Reproduce the data exactly as given, except for any images.

Information provided:
····················

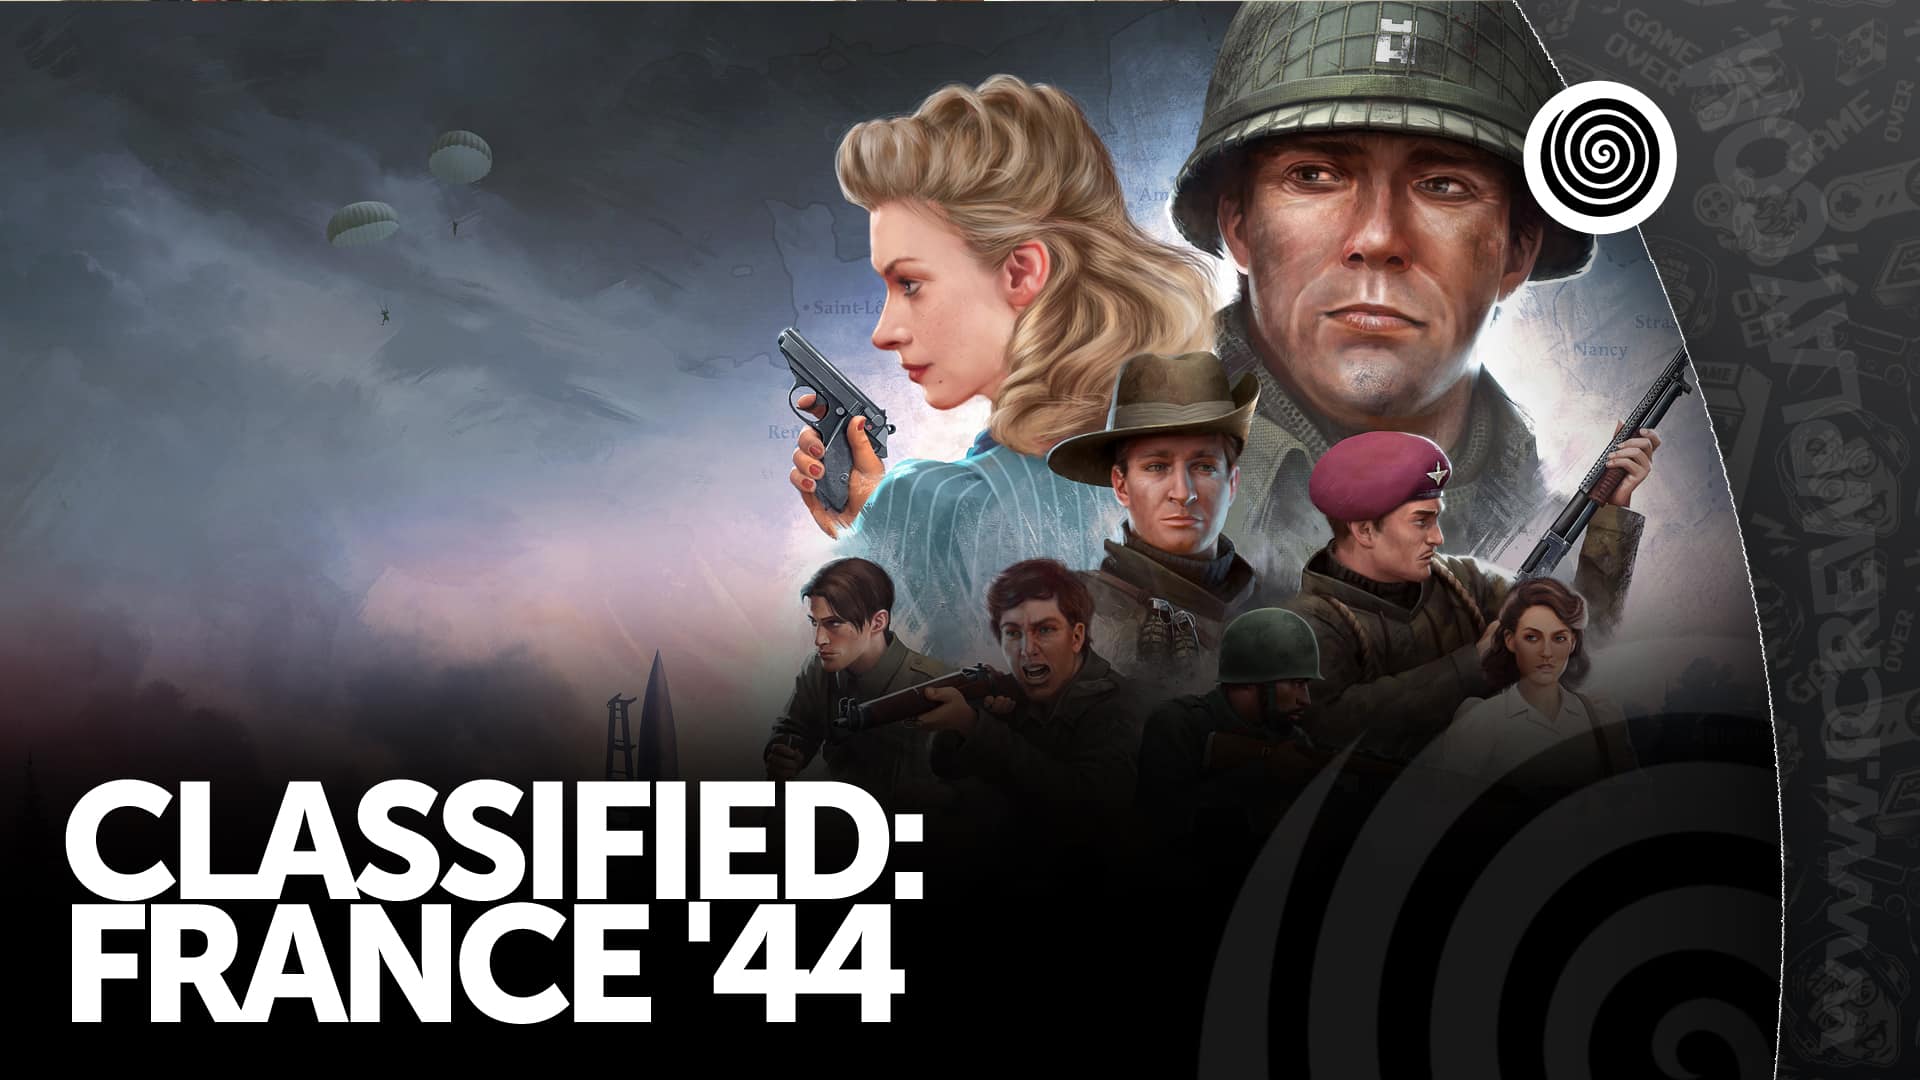 Classified France 44 recensione
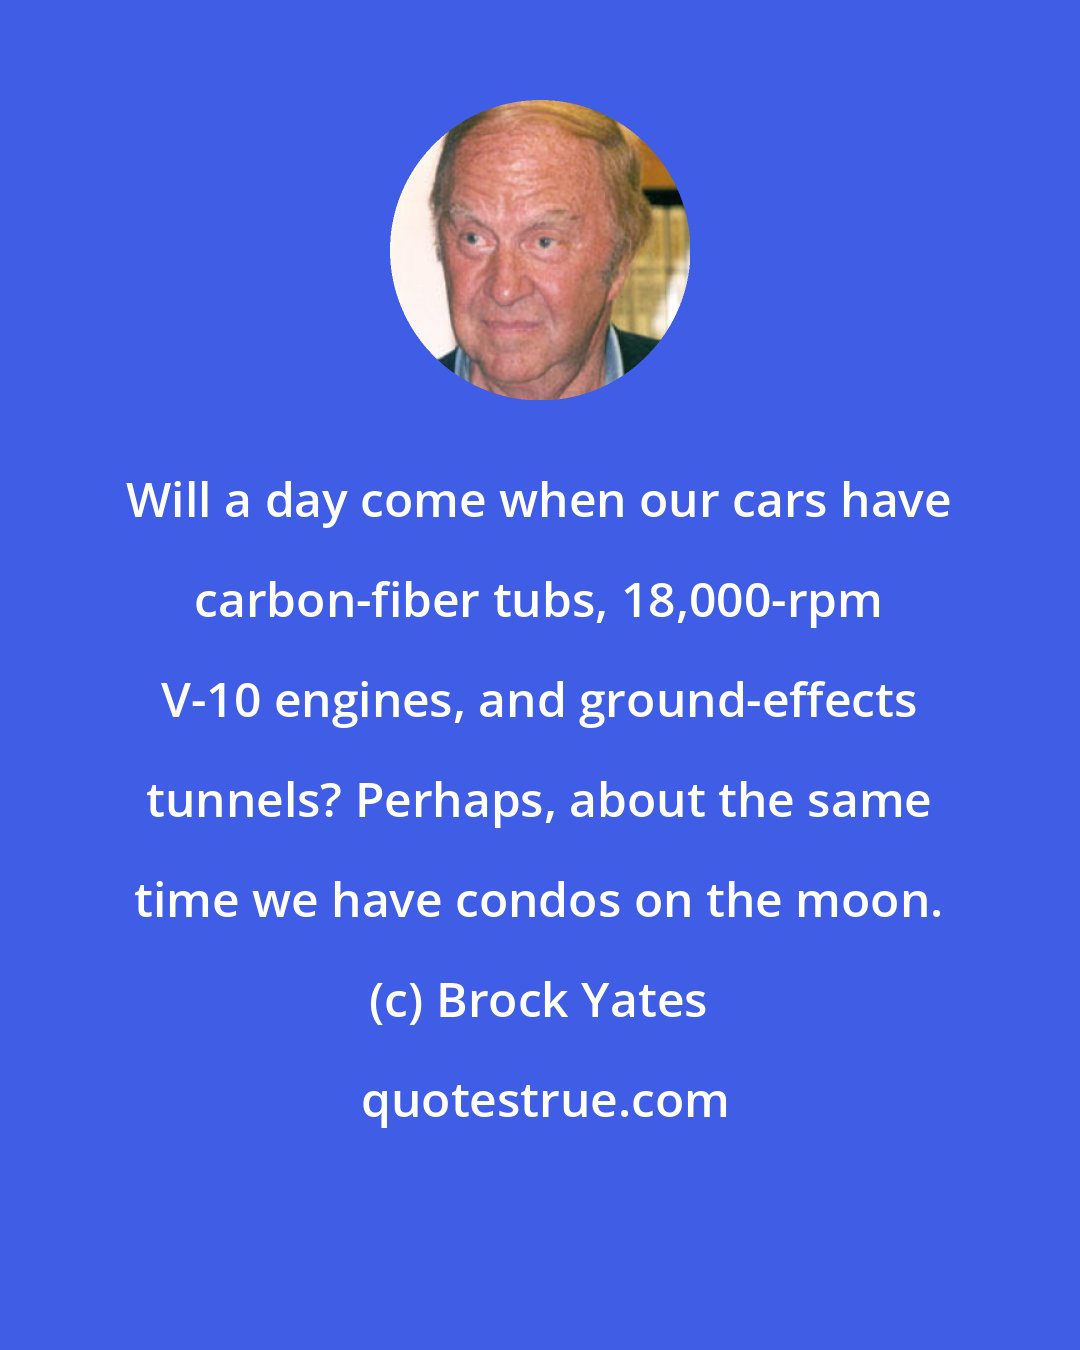 Brock Yates: Will a day come when our cars have carbon-fiber tubs, 18,000-rpm V-10 engines, and ground-effects tunnels? Perhaps, about the same time we have condos on the moon.
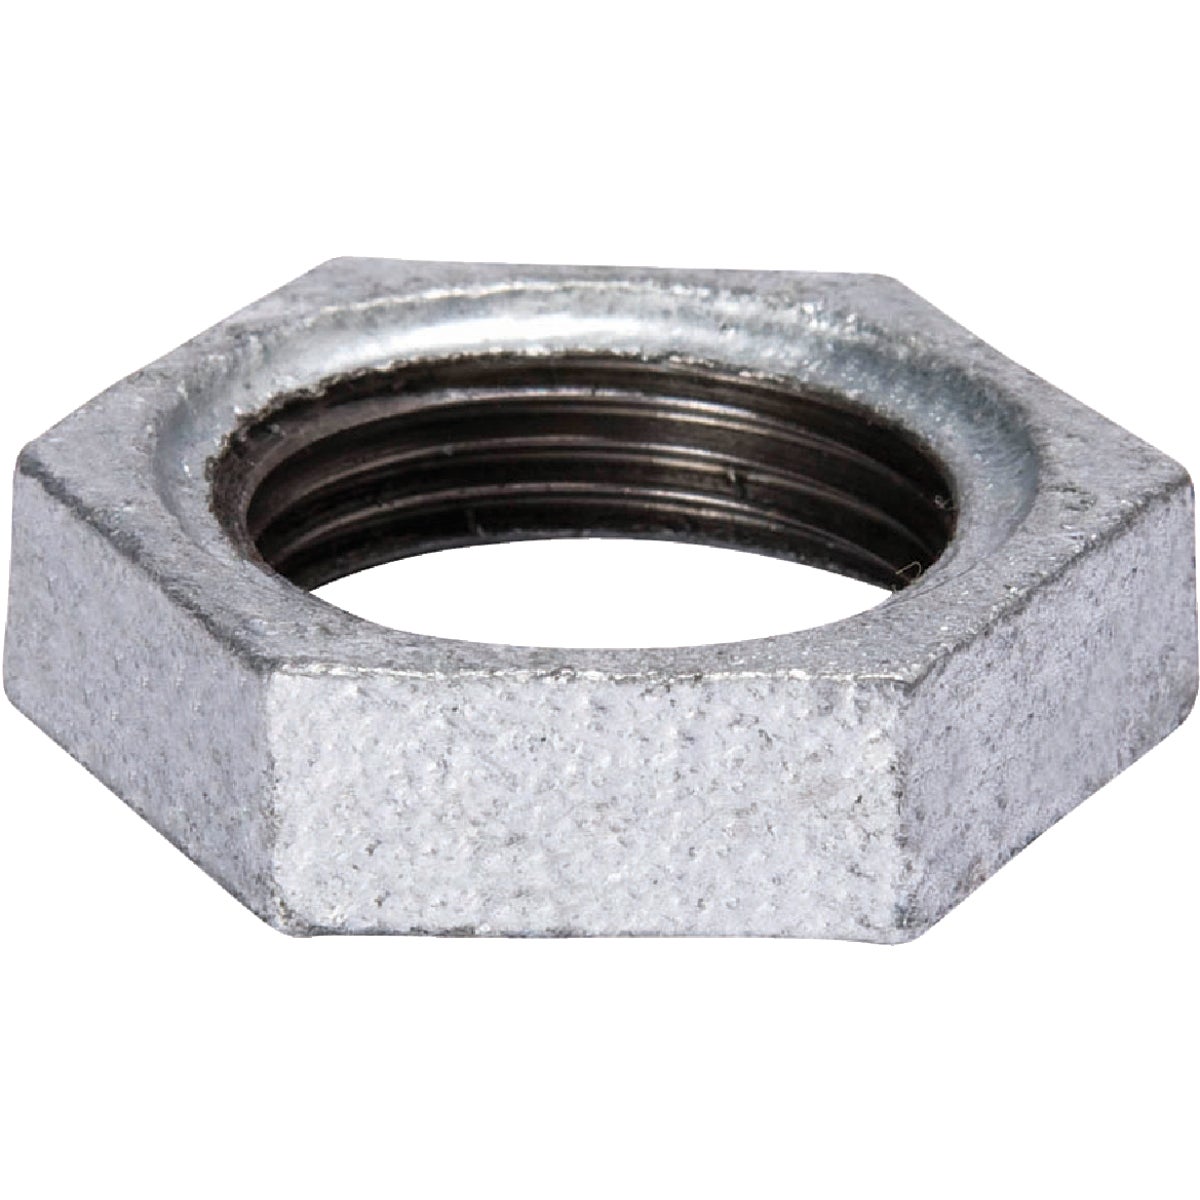 Southland 3/4 In. Malleable Iron Galvanized Lock Nut

····················

Solution below:
 Classified France 44 recensione
 Brock Yates: Will a day come when our cars have carbon-fiber tubs, 18,000-rpm V-10 engines, and ground-effects tunnels? Perhaps, about the same time we have condos on the moon.
 Southland 3/4 In. Malleable Iron Galvanized Lock Nut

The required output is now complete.